§ Problem requirements: Pictures stay out; please output the remaining data exactly.

§ Dataset extract:
--- START ---

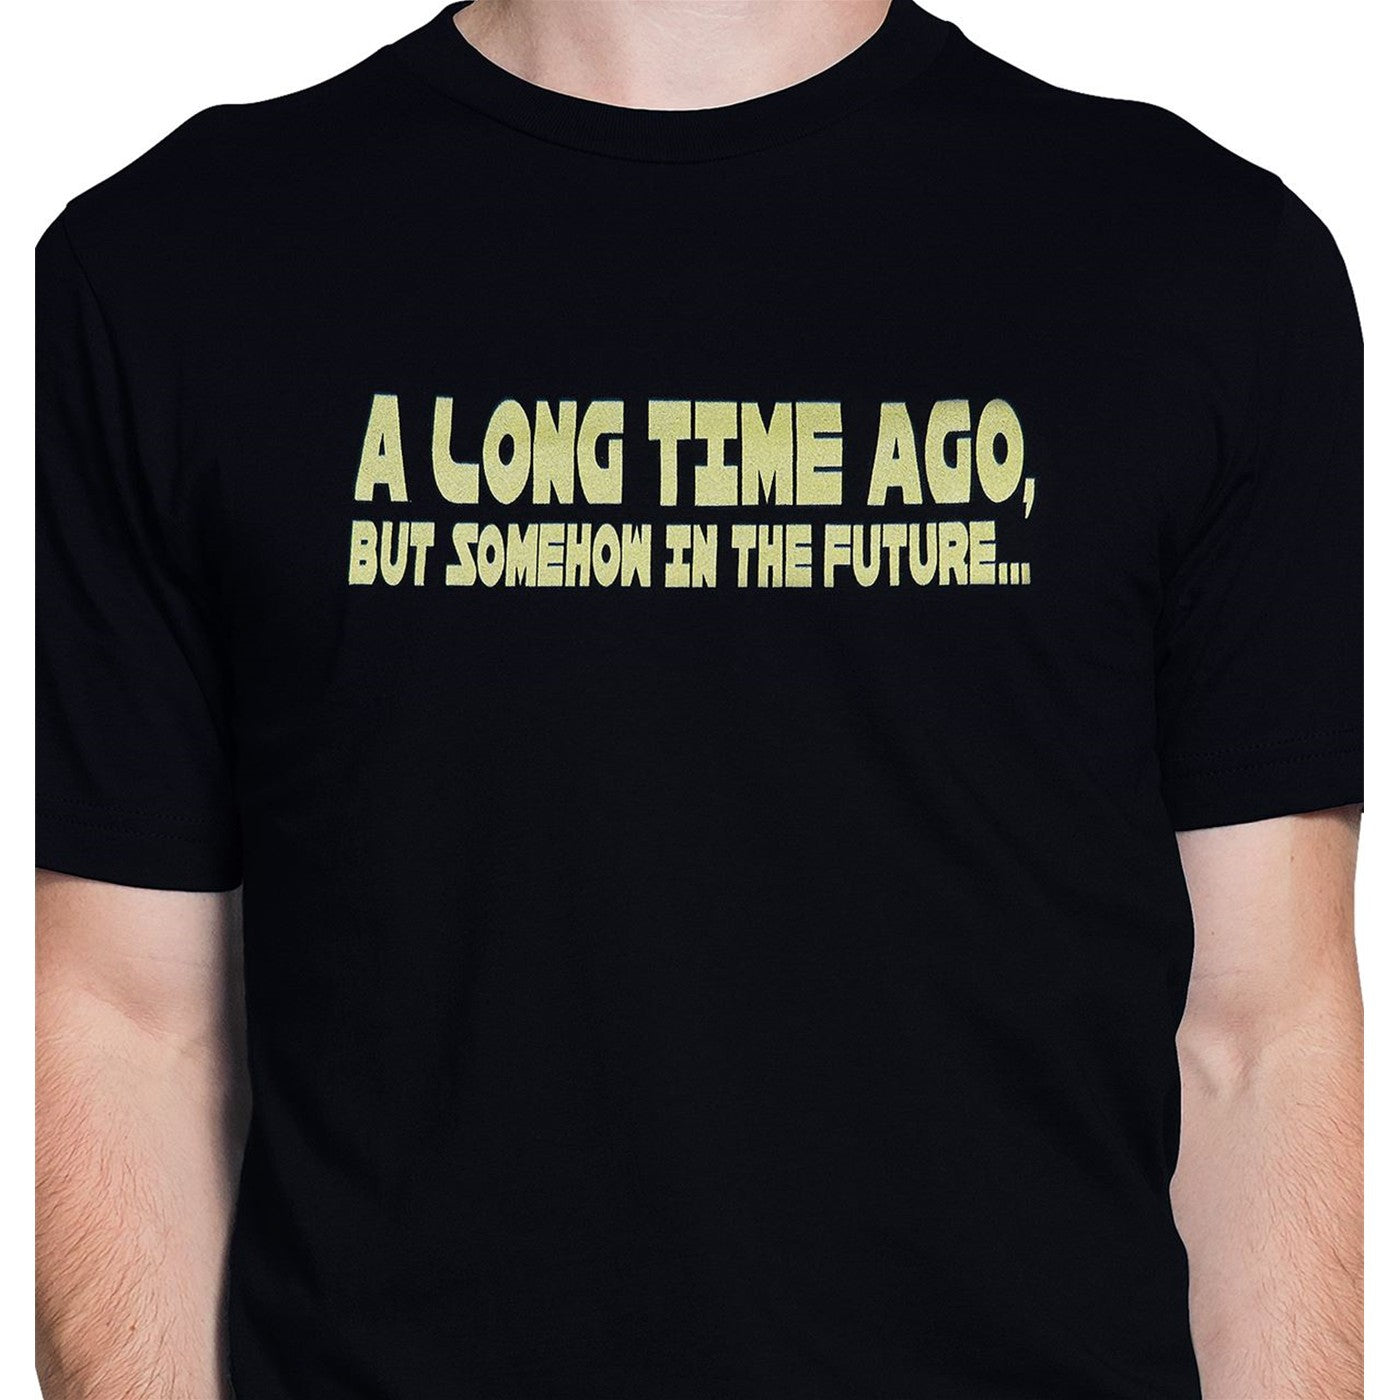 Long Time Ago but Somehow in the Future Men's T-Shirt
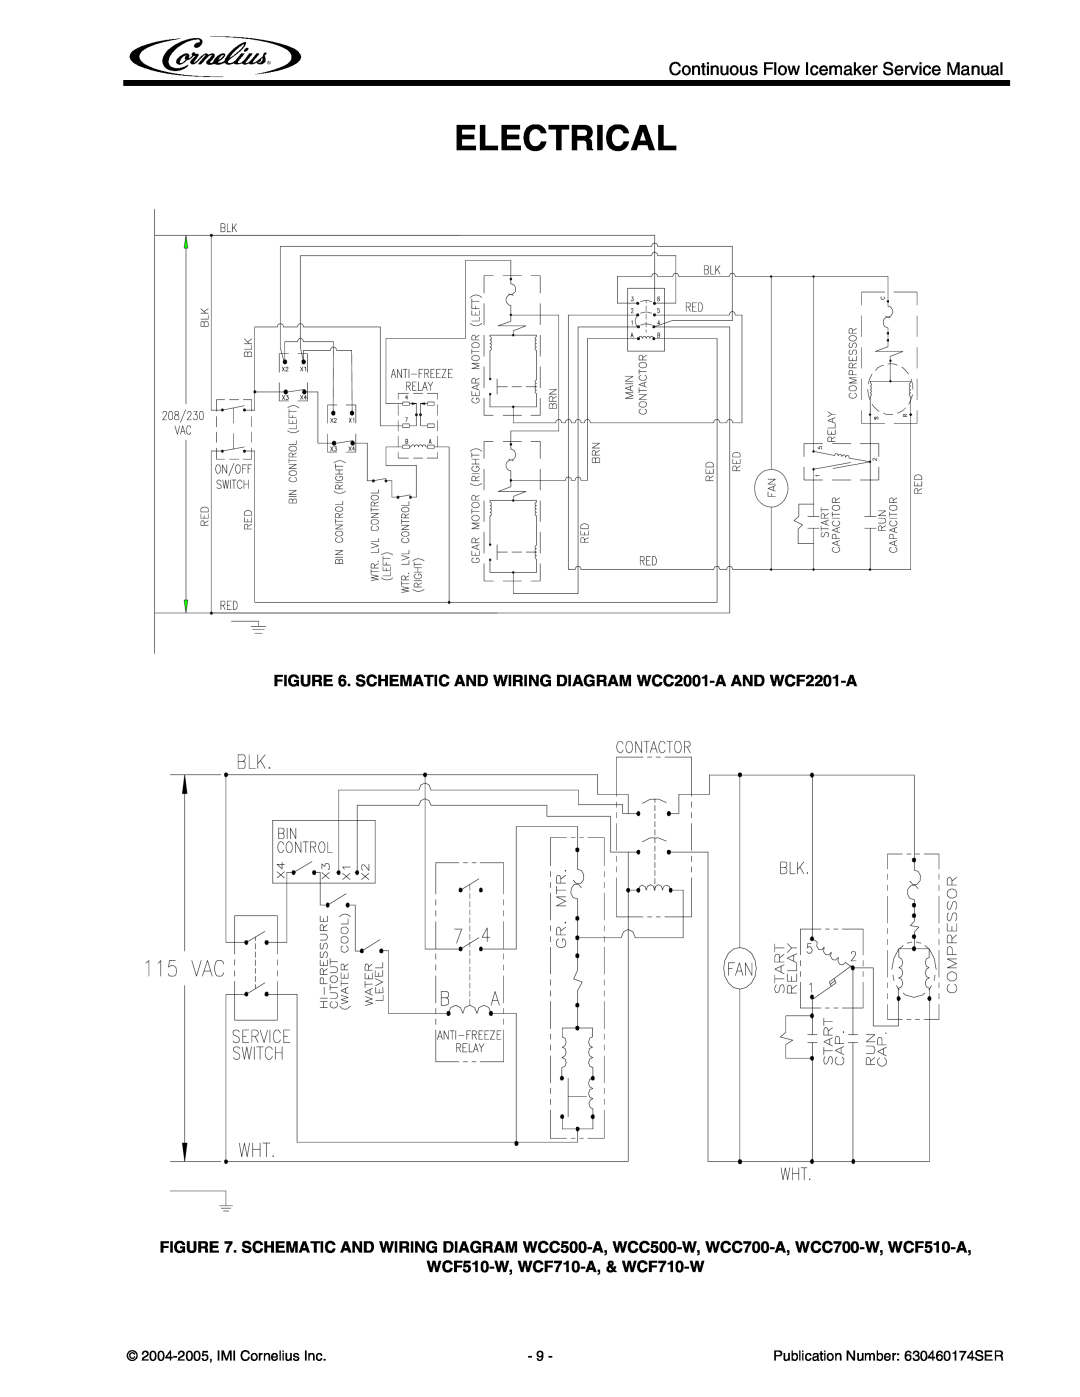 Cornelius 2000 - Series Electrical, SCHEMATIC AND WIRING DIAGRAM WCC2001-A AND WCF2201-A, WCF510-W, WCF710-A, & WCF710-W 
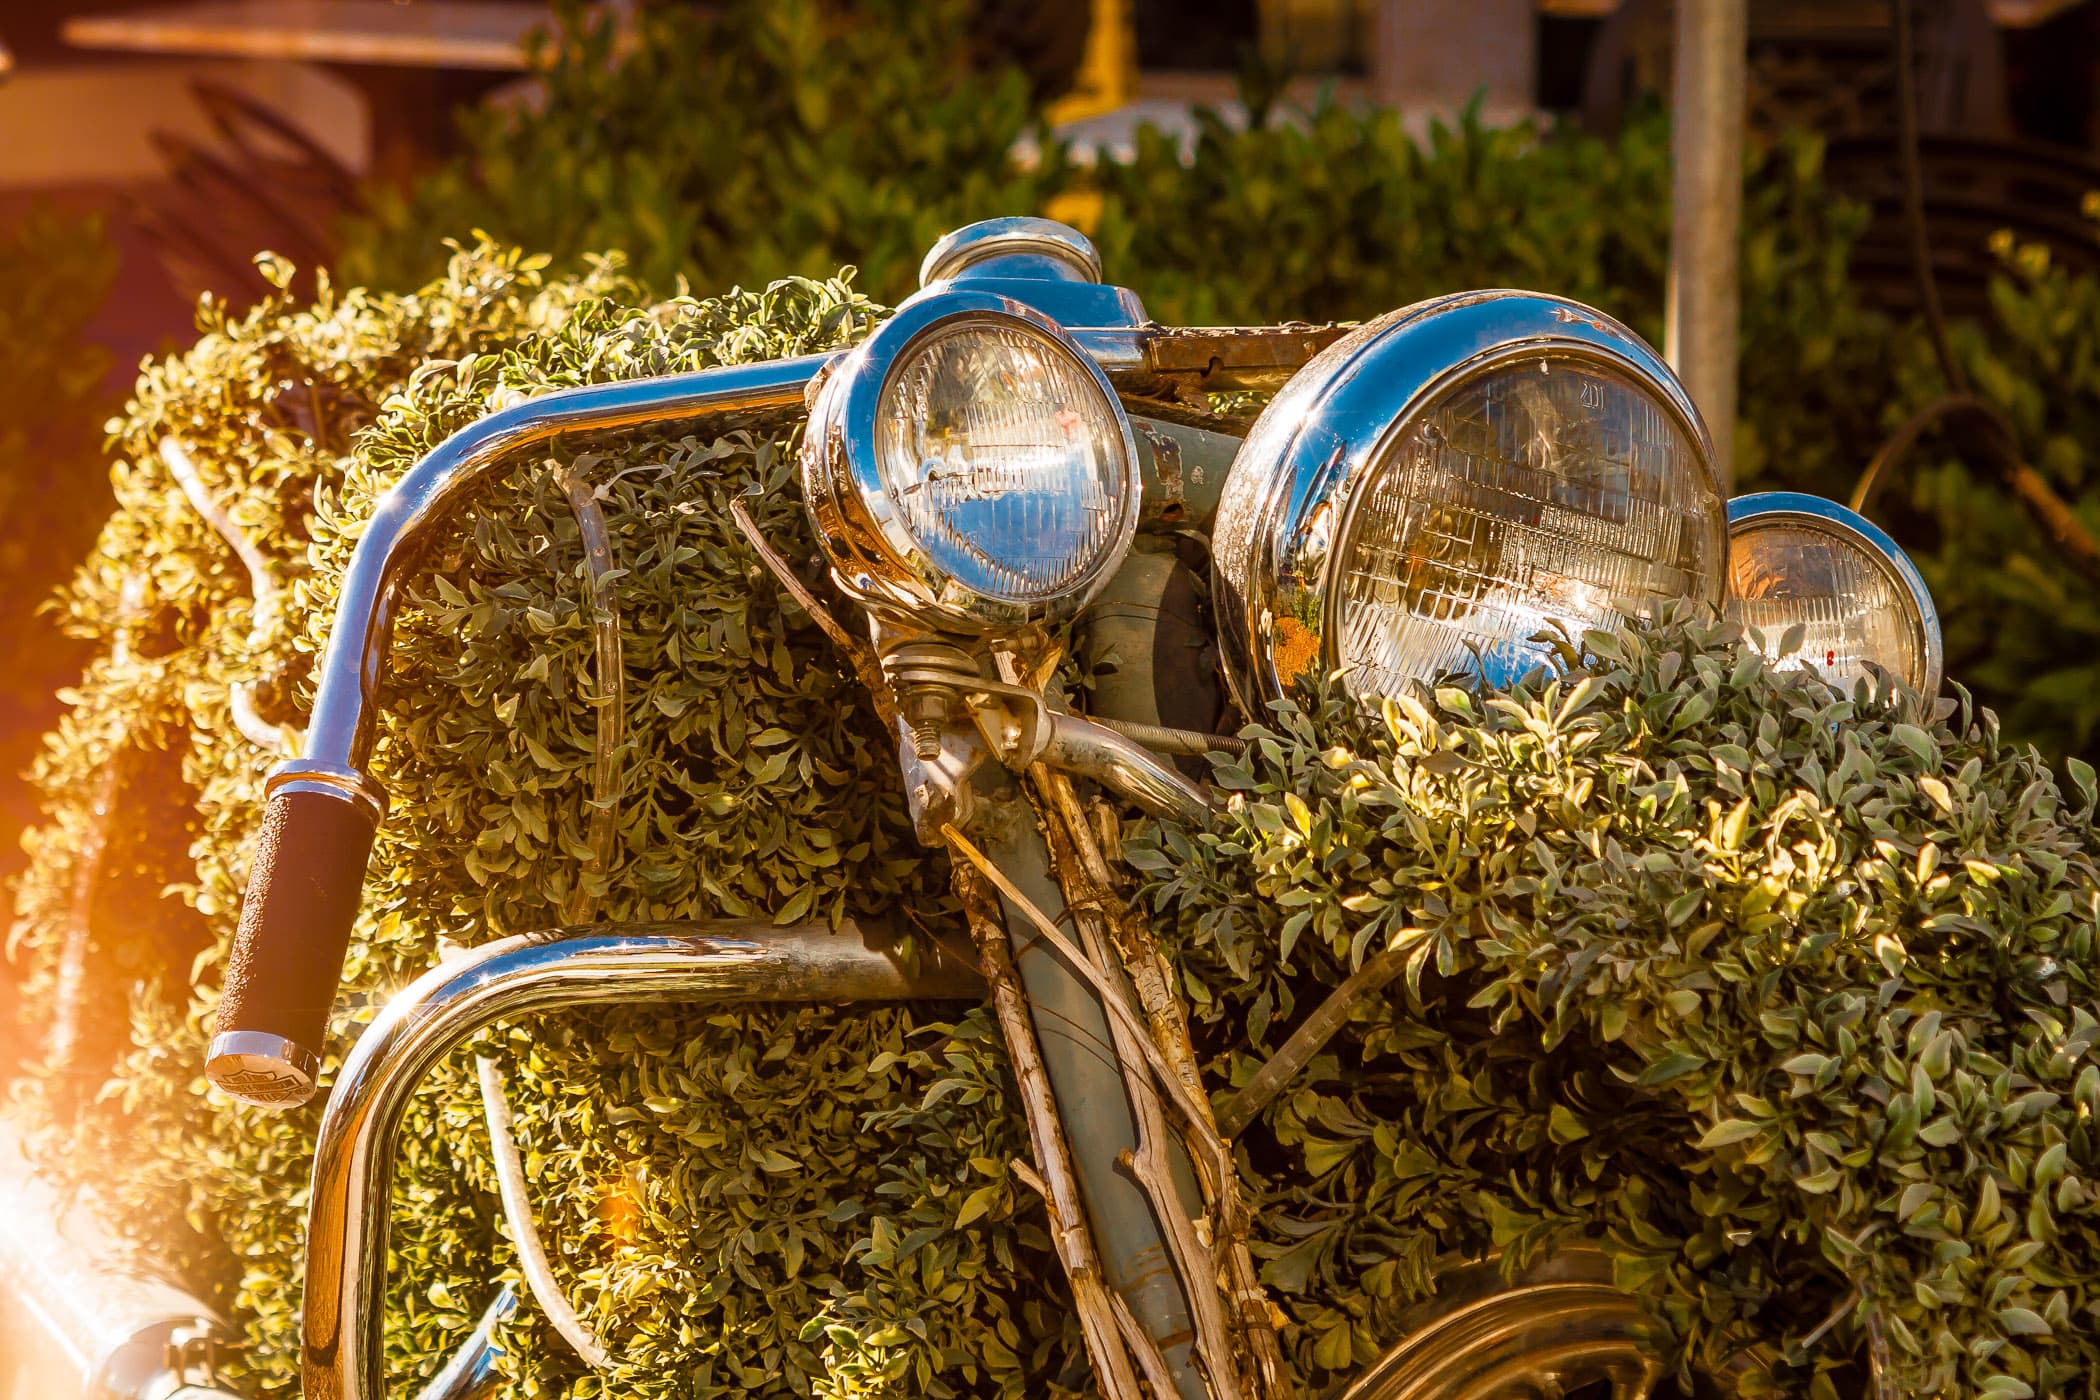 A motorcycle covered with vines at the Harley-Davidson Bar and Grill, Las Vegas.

--- END ---

§ Response box:
 Long Time Ago but Somehow in the Future Men's T-Shirt
 Cornelius 2000 - Series Electrical, SCHEMATIC AND WIRING DIAGRAM WCC2001-A AND WCF2201-A, WCF510-W, WCF710-A, & WCF710-W 
 A motorcycle covered with vines at the Harley-Davidson Bar and Grill, Las Vegas.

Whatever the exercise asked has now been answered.